The Prime Minister’s mandate letter to the Minister of Innovation Science and Industry, directed Minister Champagne to examine our competition legislation with a view to addressing the structural issues arising from the digital economy and the need to protect consumers. Perhaps in response, ISED recently released a study of competition in data-driven markets that poses some very interesting issues.
It remains our hope that this mandate’s position as 29th of 33 bulleted mandates assigned to the Minister is not a reflection of the priority to be given this initiative.
The challenges to competitive markets posed by digital giants may have provoked an examination of the Competition Act, but any examination has to go beyond the immediate issues and look more fundamentally at the structure of the Competition Act and its place in ensuring effective competition in the Canadian economy.
We believe that it is timely to undertake a fundamental examination of the Competition Act, which, while incrementally amended over the years, has existed in its present form since 1986.
Competition law in Canada has become the sandbox of specialist economists and lawyers. It has often been said that competition law is an inch wide and a mile deep. It is fraught with impenetrable jargon and economic theories that seem – and are – remote from the interests and preoccupations of ordinary Canadians. But competition law, while difficult in application, is a corrective whose basic functions are understandable to laymen: consumers and businessmen alike.
This moment calls for a plain language discussion of the policy and purposes of competition law in Canada. It is contrary to the interests of Canada and Canadians that a thirty-five-year-old legal framework is discussed only within the confines of the competition elite. The issues engaged by competition policy are vital to the interests of Canadians. They must be engaged in a manner that permits a sounding of their views on issues that affect their well-being and the health of the Canadian economy. Given the challenges posed by the digital economy, an examination from first principles of competition law is both timely and indispensable.

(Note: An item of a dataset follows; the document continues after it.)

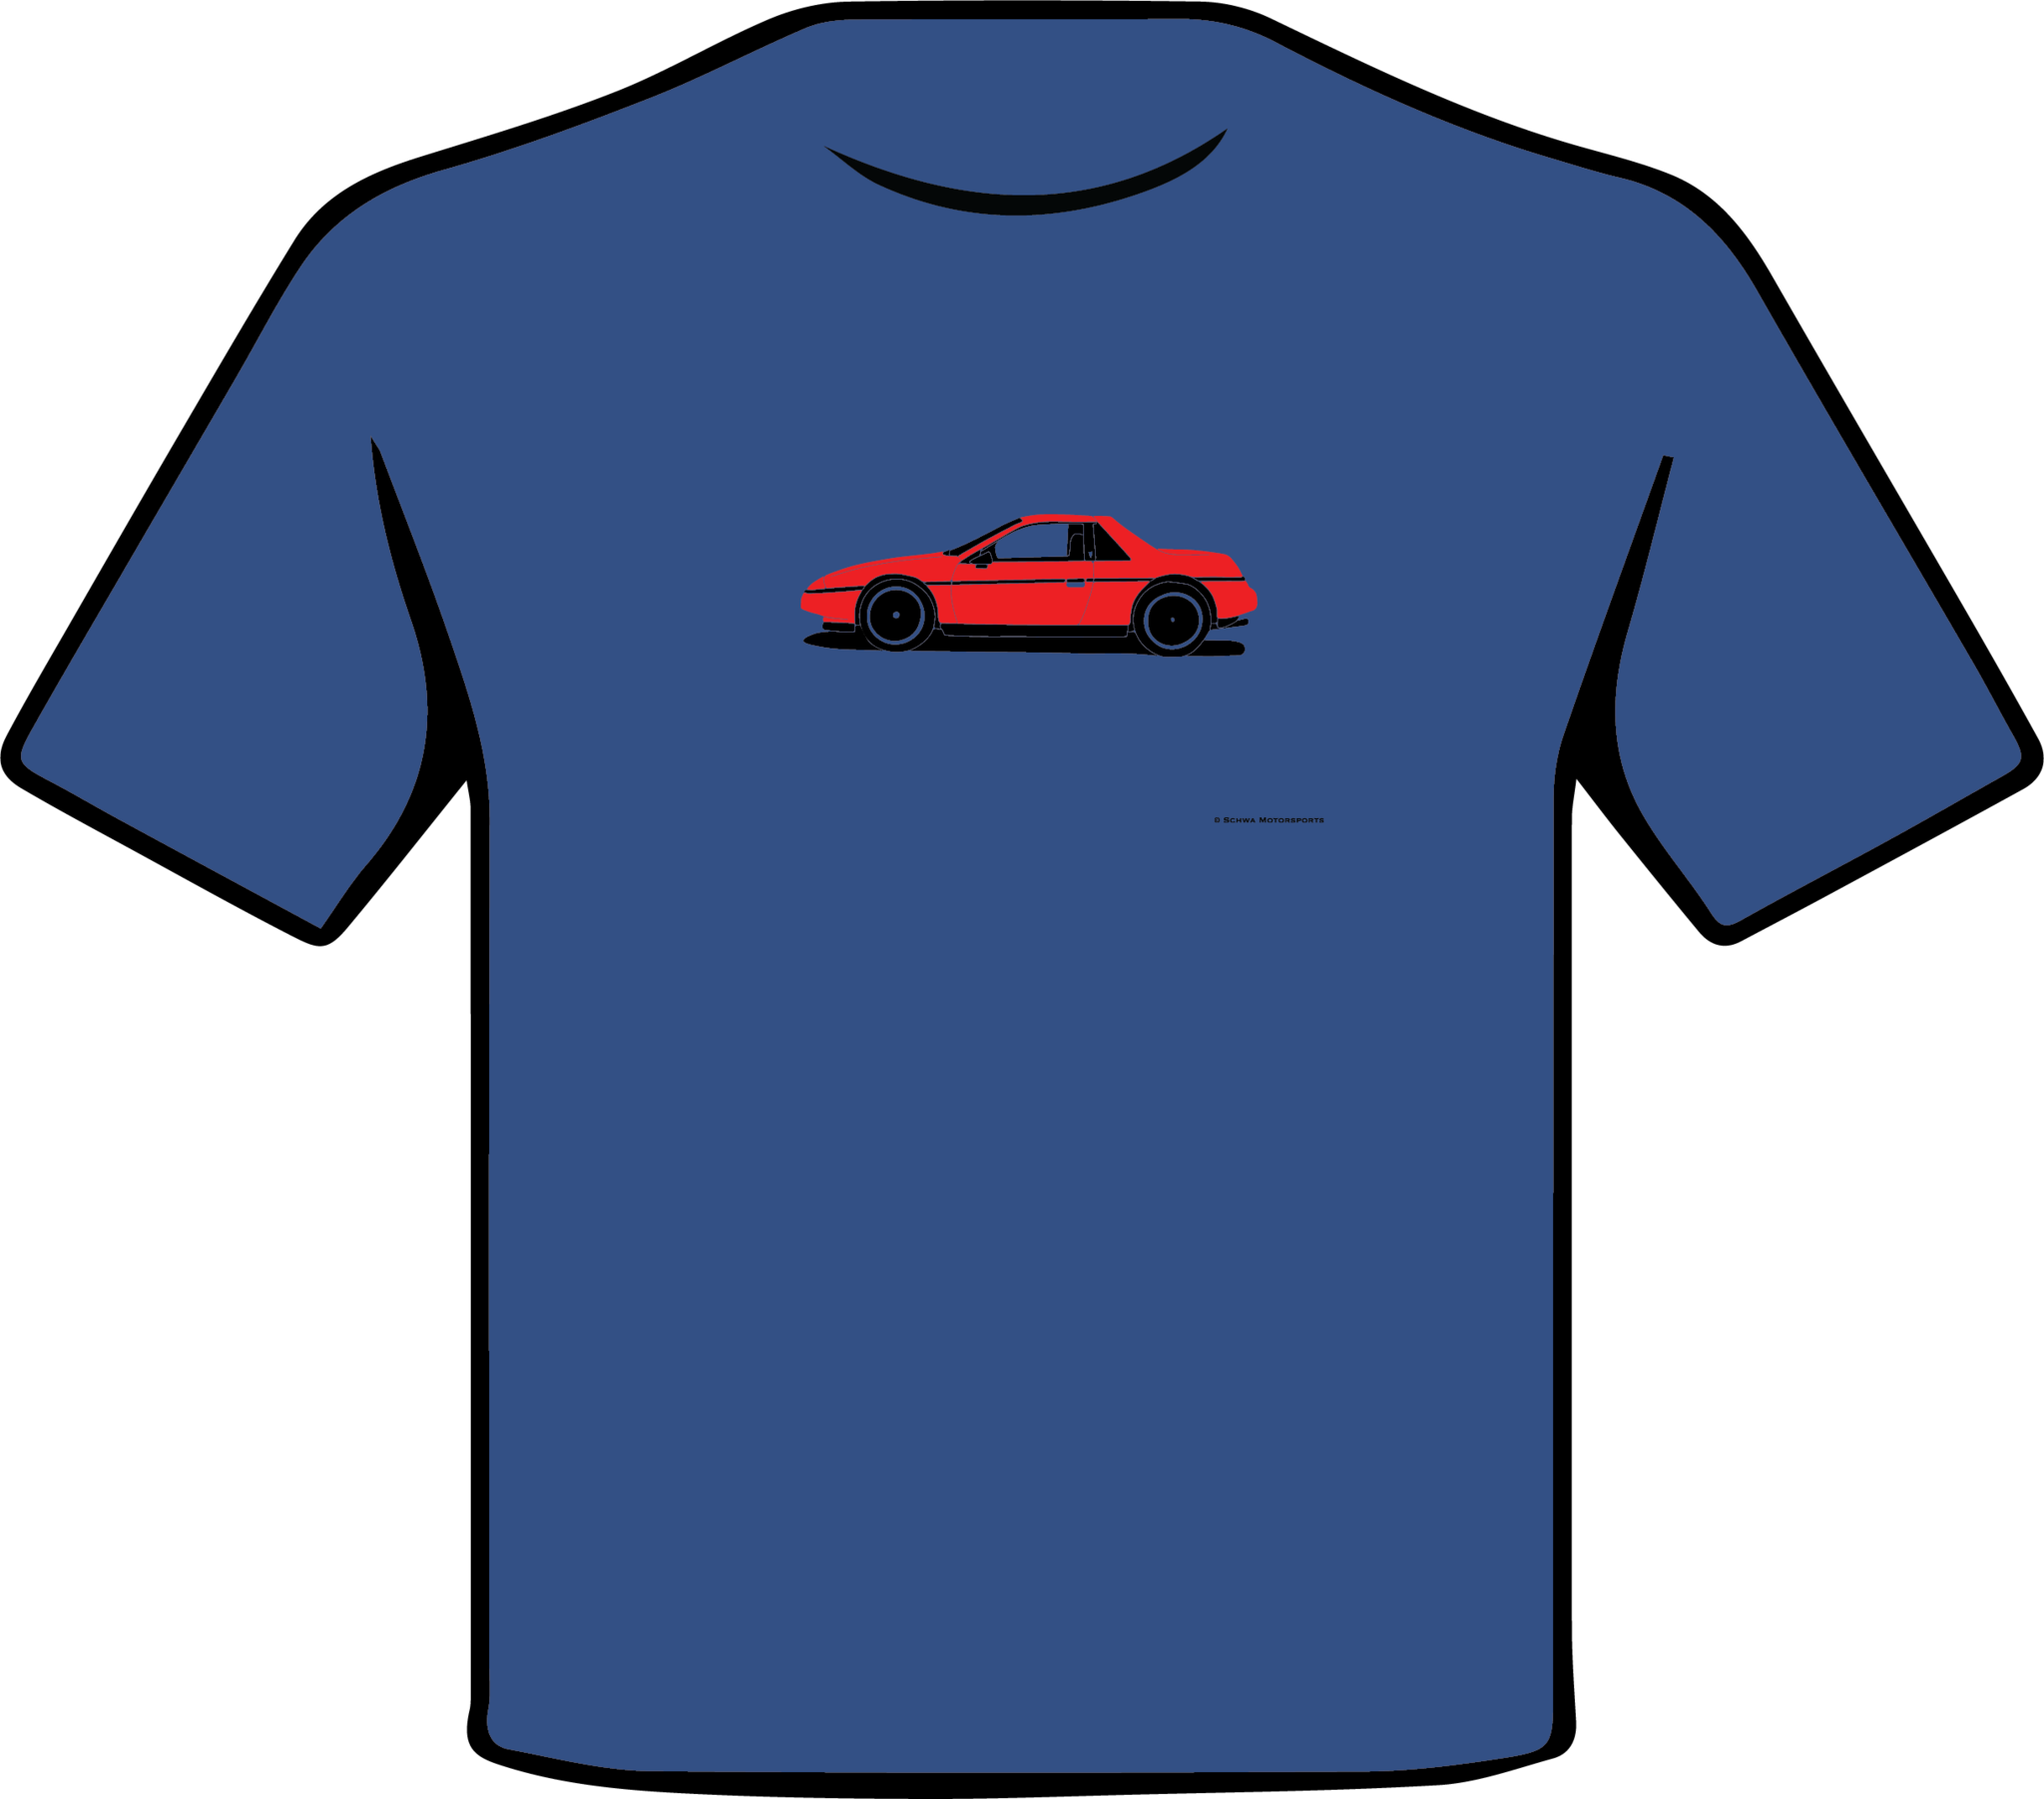 Pontiac Fiero Coupe Side View T-Shirt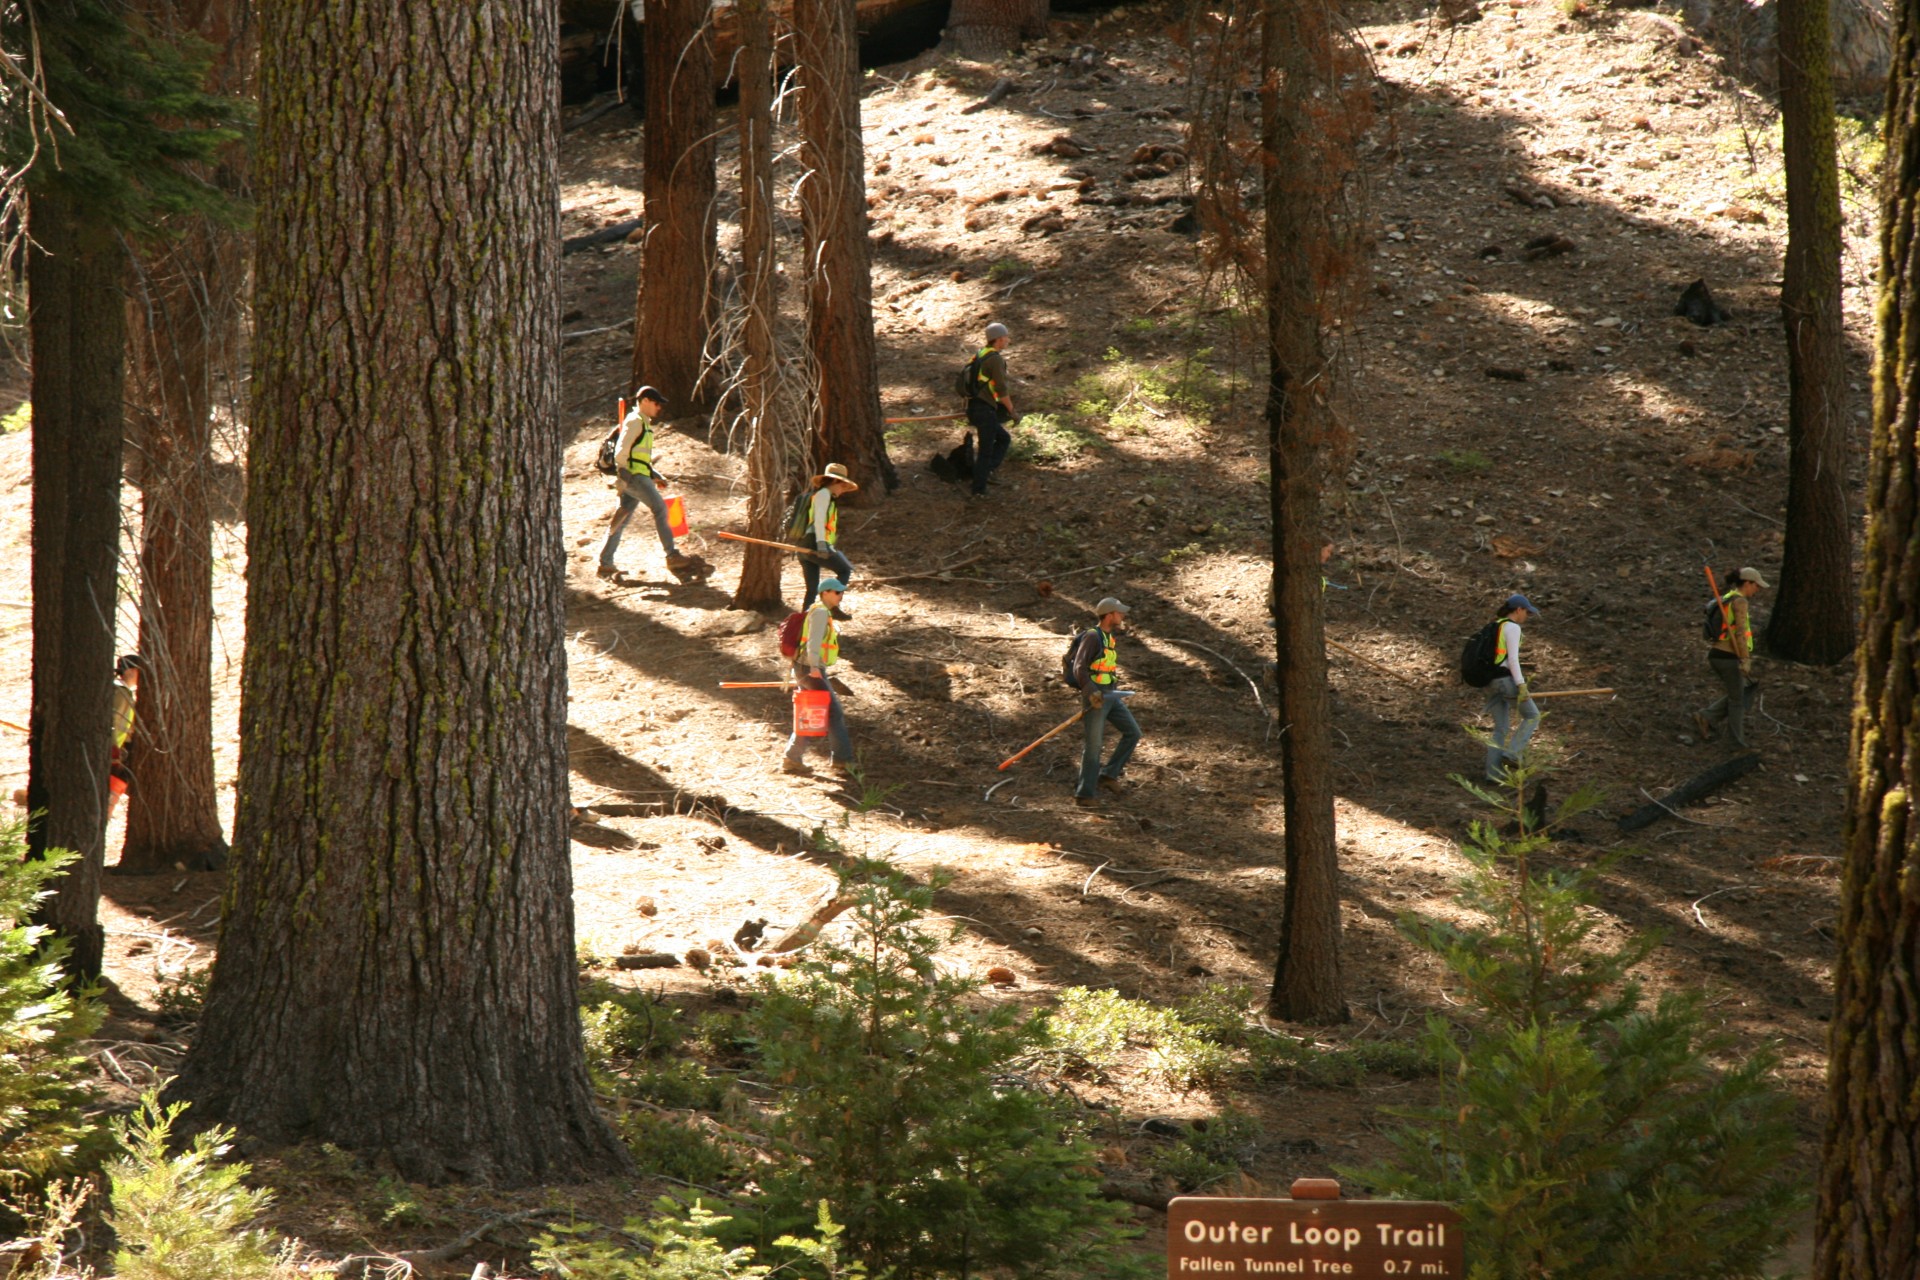 Yosemite Park Rangers

A casual review of competition jurisprudence in Canada reveals a pattern of judicial interpretation of competition law that has rendered much anti-competitive behaviour beyond the capacity of the Competition Act to remedy. The answer to the judicialization of competition law does not lie in minor tinkering with the Competition Act. To overcome the entrenched conservatism of our courts, a thorough review of competition legislation and the adoption of clear and unambiguous legislation must remove any doubt that Parliament is serious about marketplace reforms and committed to a culture of competition.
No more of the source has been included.